Aquél verano me encontraba en la árida Andalucía, en un pequeño pueblo no muy lejos de Granada. Mi único afán del día era llegar a Málaga antes de medianoche para tomar un tren. Pero todavía tenía tiempo, pues eran las diez de la mañana y estaba solamente a dos horas de Málaga. Como no tenía mucho dinero, decidí hacer autostop. Antes de ponerme en ello, compré una botella de agua bien fría y preparé un libro que tenía dentro de mi mochila. A pesar de los treinta grados de temperatura y del sol inclemente, no me sentía asfixiado ni tostado por el calor. Me instalé tranquilamente junto a una intersección que daba a la carretera. Mientras esperaba, sostenía la pancarta que rezaba « ¡ Málaga ! ☮ », y al mismo tiempo leía uno que otro poema, recogido en la soledad de aquél Viejo Oeste.
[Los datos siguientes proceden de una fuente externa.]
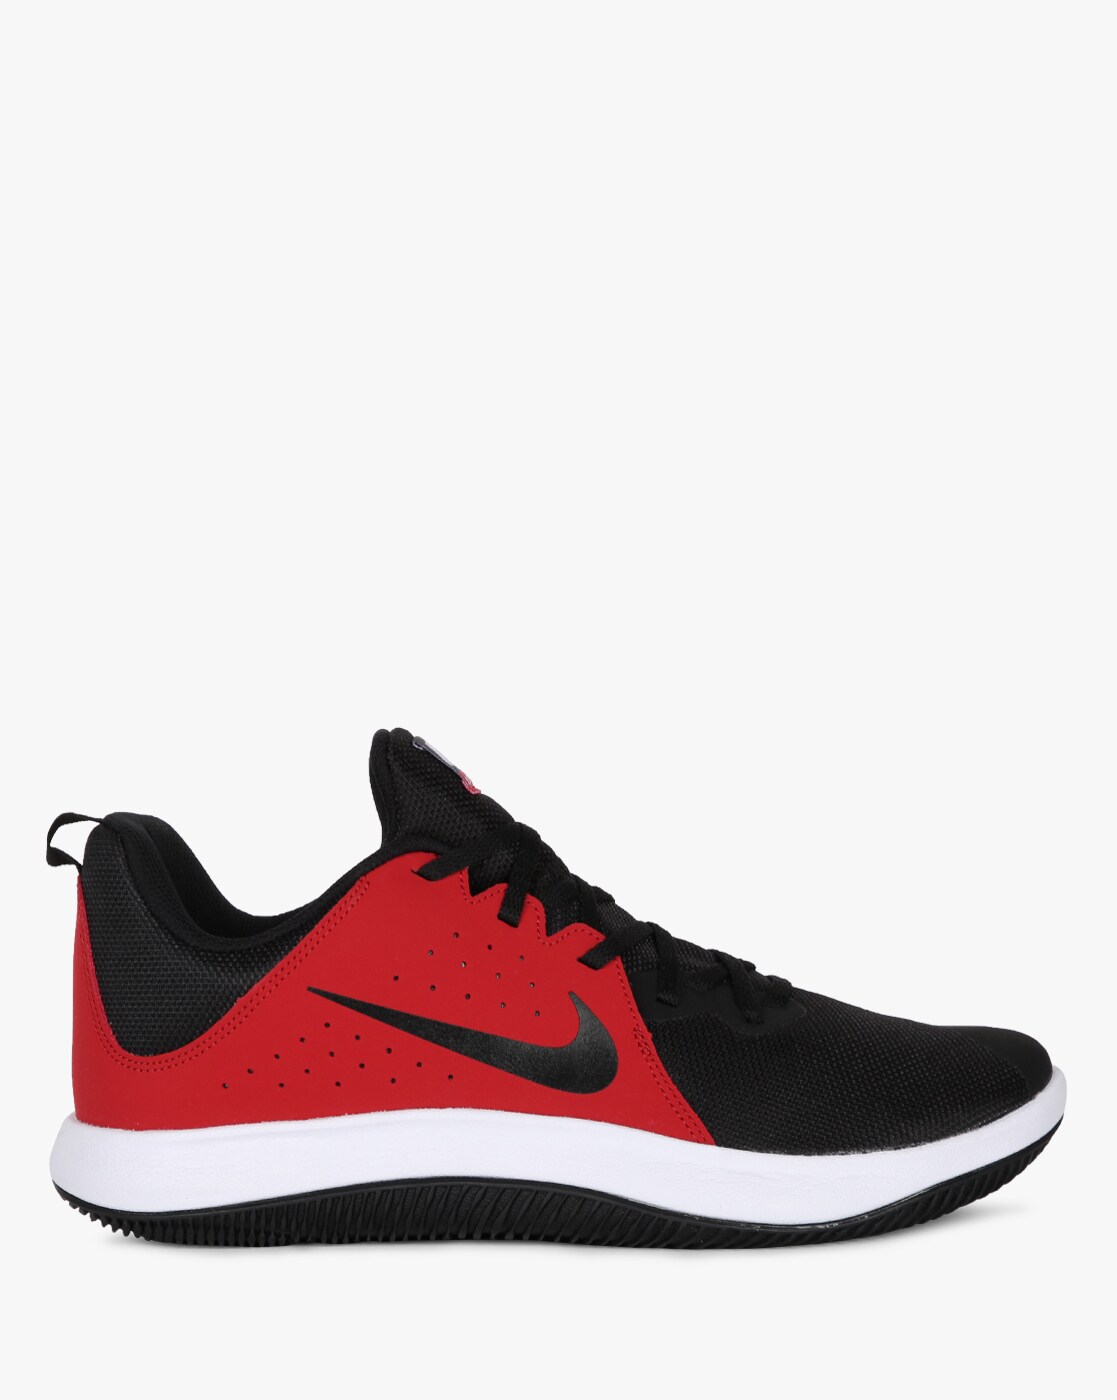 red and black sneakers

Los autos pasaban cada tanto, pero la mayoría iba en dirección a Granada. Todo un desfile de Mercedes Benz, BMW y camionetas 4×4 pasaba delante mío sin apiadarse de mi negra y barbuda cara. Al cabo de tres cuartos de hora, decidí cambiar de lugar, pues comenzaba a aburrirme. Casi enseguida, una vieja camioneta blanca se paró delante mío y pitó. Era de esos carros « utilitarios » que se utilizan en las construcciones pequeñas. El motor roncaba fuertemente, pero dejaba oir una guitarra flamenca que sonaba en la radio. El copiloto, un moro bien corpulento con cara de niño inocente, se bajó y me dio acceso a la parte trasera del auto. Sin pensarlo mucho, introduje mis cosas y entré.
Ya en el carro, me dí cuenta de que junto a mí, había un pequeño bulldog negro de ojos saltones, de esos que siempre tienen la nariz empapada. Tenía la boca abierta, la lengua afuera y jadeaba con desespero. Al respirar, el animal rugía como un cerdito y babeaba todo a su alrededor (incluída mi pierna y una parte de mi mochila).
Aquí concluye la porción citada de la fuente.